Supplied material:
***
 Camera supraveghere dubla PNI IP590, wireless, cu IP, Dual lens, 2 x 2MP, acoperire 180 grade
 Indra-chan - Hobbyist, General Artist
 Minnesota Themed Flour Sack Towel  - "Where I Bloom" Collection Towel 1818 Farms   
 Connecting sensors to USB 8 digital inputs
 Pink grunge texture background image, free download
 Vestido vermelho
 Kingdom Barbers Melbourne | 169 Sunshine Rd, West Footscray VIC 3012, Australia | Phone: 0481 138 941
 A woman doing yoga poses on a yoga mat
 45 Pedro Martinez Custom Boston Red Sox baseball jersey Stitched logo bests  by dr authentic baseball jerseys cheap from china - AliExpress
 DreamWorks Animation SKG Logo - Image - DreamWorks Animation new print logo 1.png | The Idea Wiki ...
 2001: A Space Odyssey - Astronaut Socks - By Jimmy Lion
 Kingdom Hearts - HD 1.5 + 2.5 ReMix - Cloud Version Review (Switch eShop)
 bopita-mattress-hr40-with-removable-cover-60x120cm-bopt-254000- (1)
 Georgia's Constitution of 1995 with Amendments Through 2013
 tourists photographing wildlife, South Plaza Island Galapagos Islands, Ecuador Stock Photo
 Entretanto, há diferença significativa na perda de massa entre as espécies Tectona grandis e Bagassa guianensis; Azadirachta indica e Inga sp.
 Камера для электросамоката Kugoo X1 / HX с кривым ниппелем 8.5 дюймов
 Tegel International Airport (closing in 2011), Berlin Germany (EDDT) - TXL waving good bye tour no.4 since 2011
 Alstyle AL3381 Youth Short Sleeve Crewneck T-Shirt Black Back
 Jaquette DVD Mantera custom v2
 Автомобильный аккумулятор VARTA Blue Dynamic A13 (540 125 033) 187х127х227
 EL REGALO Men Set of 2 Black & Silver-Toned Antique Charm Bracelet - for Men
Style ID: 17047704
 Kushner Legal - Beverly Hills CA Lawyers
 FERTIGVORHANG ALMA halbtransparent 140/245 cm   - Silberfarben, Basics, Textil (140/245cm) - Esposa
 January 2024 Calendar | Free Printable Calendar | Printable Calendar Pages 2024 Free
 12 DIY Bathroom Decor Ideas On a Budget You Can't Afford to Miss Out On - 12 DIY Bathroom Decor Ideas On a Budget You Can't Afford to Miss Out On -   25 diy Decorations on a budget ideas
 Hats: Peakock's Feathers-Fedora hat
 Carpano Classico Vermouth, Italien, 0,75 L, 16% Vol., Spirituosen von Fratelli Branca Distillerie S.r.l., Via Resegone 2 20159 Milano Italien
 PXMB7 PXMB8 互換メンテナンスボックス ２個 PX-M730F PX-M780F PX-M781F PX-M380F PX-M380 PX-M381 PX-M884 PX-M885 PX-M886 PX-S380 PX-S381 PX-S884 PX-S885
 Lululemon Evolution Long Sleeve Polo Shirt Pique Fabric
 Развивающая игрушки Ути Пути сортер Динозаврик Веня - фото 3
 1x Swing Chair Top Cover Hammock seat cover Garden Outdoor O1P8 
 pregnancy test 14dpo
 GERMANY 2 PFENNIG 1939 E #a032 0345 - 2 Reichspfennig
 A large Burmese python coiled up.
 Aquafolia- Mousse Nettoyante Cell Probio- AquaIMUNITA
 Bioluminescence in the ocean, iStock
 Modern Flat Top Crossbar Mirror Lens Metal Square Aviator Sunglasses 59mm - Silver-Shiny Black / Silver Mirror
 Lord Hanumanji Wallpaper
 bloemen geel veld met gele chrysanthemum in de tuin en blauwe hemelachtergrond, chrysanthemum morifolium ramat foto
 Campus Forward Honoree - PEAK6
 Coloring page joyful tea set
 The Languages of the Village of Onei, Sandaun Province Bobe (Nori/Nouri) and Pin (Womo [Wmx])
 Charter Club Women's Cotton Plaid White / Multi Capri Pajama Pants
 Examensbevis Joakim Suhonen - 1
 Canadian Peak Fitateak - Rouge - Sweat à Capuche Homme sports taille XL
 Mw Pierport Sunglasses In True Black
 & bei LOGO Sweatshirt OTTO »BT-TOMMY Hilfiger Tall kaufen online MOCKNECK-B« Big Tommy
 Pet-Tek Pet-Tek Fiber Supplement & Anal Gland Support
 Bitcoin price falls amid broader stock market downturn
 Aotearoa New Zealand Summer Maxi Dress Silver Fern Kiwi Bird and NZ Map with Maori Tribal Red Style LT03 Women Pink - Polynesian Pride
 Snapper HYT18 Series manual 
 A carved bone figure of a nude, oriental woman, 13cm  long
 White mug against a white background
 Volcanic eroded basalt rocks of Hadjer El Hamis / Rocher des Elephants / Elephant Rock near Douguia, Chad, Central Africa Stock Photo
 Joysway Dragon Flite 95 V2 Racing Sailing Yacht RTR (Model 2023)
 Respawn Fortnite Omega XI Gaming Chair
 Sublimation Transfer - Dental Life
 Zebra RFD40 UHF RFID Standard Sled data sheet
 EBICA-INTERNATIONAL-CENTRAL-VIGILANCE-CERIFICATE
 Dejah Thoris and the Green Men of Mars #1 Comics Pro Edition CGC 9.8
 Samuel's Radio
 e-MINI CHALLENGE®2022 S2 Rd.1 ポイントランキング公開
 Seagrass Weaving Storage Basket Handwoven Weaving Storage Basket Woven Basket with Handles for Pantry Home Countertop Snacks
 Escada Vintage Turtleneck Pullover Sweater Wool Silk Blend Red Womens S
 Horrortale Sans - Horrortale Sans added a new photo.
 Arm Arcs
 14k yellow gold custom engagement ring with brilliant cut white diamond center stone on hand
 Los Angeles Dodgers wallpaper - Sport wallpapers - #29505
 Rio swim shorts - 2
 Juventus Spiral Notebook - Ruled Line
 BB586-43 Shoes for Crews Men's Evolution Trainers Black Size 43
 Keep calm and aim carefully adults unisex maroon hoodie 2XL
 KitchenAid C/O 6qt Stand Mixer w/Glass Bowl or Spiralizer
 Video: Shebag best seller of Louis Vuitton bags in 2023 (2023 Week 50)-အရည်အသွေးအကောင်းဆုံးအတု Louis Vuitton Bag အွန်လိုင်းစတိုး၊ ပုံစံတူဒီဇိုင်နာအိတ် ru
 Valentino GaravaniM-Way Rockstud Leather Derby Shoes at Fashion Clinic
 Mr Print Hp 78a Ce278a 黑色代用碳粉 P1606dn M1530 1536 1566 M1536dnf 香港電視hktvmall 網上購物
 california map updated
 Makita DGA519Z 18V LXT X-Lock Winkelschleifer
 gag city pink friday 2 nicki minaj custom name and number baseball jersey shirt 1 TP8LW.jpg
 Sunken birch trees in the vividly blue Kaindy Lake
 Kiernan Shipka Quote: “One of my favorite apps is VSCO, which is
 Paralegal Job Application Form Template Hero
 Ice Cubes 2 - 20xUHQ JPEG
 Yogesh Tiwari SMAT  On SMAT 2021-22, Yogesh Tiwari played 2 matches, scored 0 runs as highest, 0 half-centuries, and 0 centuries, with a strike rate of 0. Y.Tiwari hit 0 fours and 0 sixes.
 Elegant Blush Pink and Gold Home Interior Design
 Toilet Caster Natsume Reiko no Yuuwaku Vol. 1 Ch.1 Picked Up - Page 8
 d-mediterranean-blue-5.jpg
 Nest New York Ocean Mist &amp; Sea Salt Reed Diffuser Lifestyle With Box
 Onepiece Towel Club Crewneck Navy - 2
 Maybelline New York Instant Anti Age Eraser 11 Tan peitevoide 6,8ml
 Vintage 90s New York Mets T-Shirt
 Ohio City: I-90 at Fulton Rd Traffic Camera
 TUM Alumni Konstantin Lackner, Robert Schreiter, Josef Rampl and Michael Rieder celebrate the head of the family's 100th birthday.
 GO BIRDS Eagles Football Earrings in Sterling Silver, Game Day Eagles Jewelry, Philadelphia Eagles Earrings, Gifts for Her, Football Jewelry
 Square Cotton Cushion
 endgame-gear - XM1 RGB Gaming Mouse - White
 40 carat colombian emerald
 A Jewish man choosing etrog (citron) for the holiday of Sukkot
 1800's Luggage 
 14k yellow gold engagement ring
***
What the exercise asks: From the first line of the records above down to the line containing "Minnesota Themed Flour", repeat each line exactly as written. Include both of those lines and add nothing.

Your solution:
 Camera supraveghere dubla PNI IP590, wireless, cu IP, Dual lens, 2 x 2MP, acoperire 180 grade
 Indra-chan - Hobbyist, General Artist
 Minnesota Themed Flour Sack Towel  - "Where I Bloom" Collection Towel 1818 Farms   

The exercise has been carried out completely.